The Haka Waka

About a month ago, one line in the daily schedule of events said the sign-up for the shipbuilding contest was the next morning. Captain Sandy signed us up. Since then in our spare time, we have been building a Maori themed catamaran, loosely like the one in the movie, Moana. The rules were that it had to float, it had to carry at least a pound of cargo, we could not use ship’s linen, and a panel of judges would evaluate for creativity. Haka is the Maori word for warrior and waka is the word for ship, so we called our ship the Haka Waka. Today was judgement day.

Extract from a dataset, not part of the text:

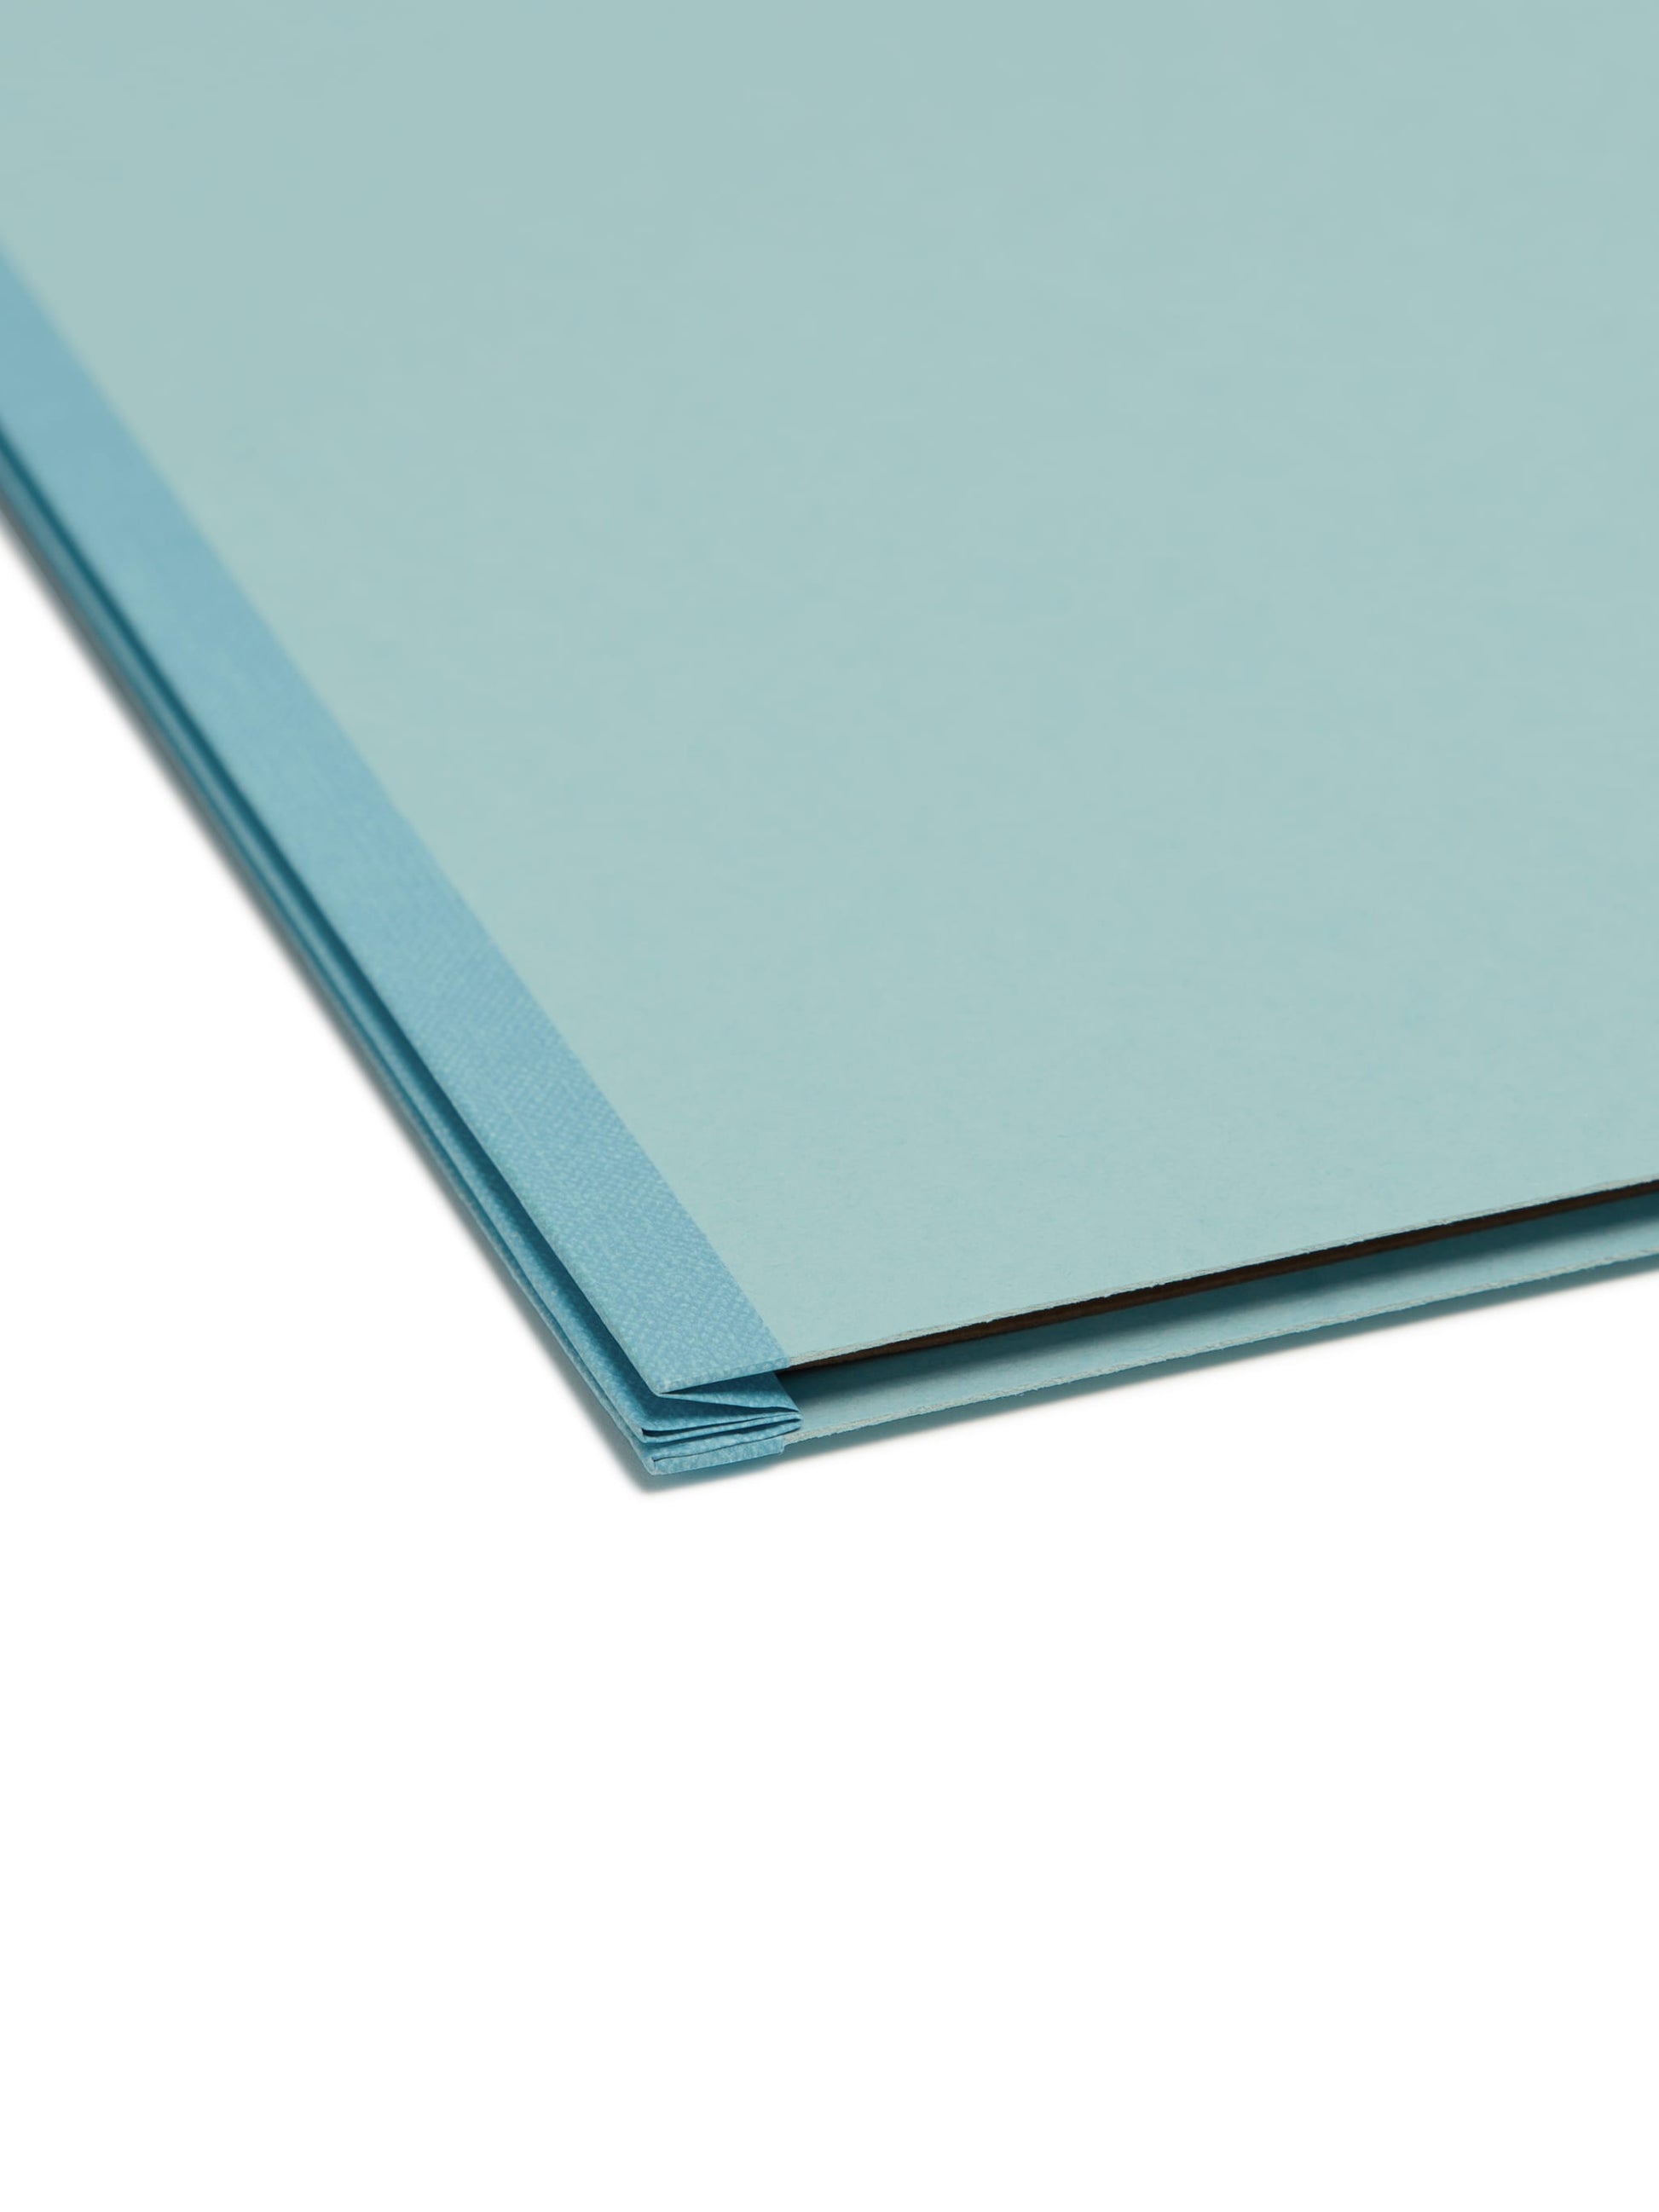 Pressboard Classification File Folders, 3 Dividers, 3 inch Expansion, Blue Color, Legal Size, Set of 0, 30086486190900

Just before we started on the ship, Sandy attended a lecture by the compliance officer where she learned that the hats that are used for gala nights create the most non-re-cyclable waste. We decided to make our ship out of used hats and at least re-cycle them once. The floatation devices in the black bags beneath the deck are six derby hats. The deck is made from straw hats that I took apart. The sail is made from a used paper bag and masking tape. Wan, our wonderful cabin steward, helped in a number of ways, getting us lumber for the deck frame and three different kinds of tape and drilling holes for me to use for the mast and rudder. A number of our Road Scholar participants helped get us supples. I made all of the rope out of used yarn from the Linus project. I learned to crochet and practiced on this yarn so it was used. (The Linus project makes blankets for terminally ill children. Now that I have learned on their yarn, I am making a crocheted blanket for the project.) We used a wine bottle for the keel and made the mast from chopsticks. I made an anchor, rope ladder, and multiple cleats. The boom actually moved from side to side as did the rudder. The head of the dining room gave us flowers.

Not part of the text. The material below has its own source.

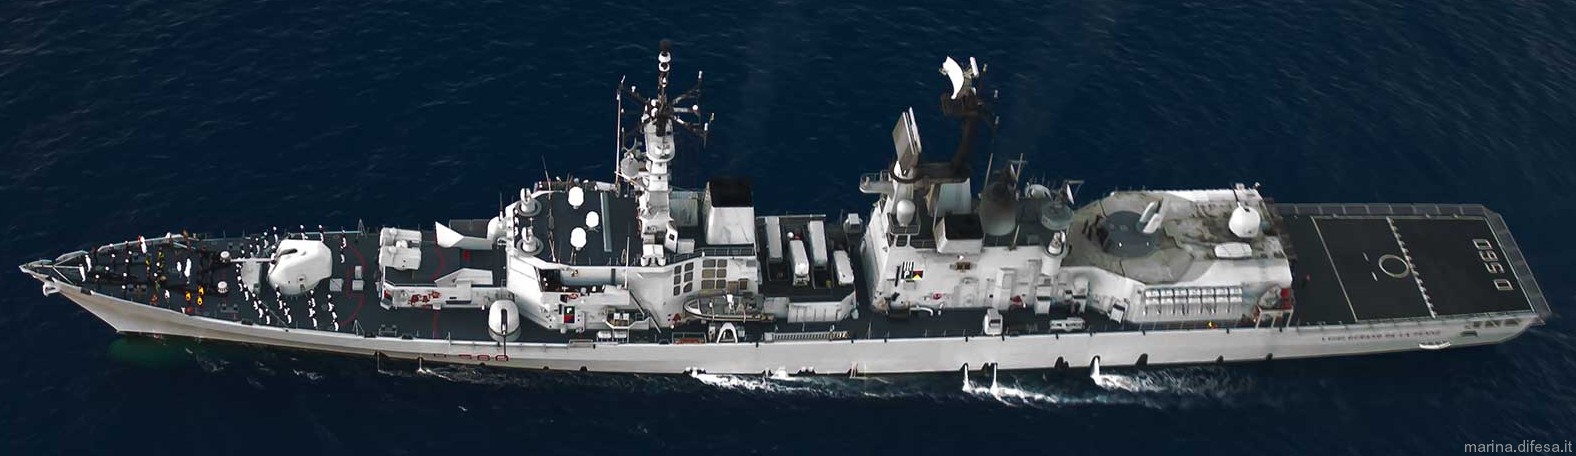 d-560 luigi durand de la penne its nave guided missile destroyer ddg italian navy marina militare 53

Because it was too large to take through the door in our room once the mast was put in place, final assembly took place this morning on the pool deck. The compliance officer came by and loved it. At one o’clock, our Road Scholar lecturer took a twenty minute break so our group could see that the Haka Waka floated perfectly. Then, six coke cans were added and she stayed up. Finally, the pool pump was turned up and she handled rough seas. We scored thirty out of thirty points, winning by half a point over our chief competitor, a container ship, called Spice Girls. At dinner tonight Sumer, our waiter, had a cake made for us to celebrate our win. It was a fun day at sea. Tomorrow we are off to Sri Lanka and I am back to writing about our amazing world.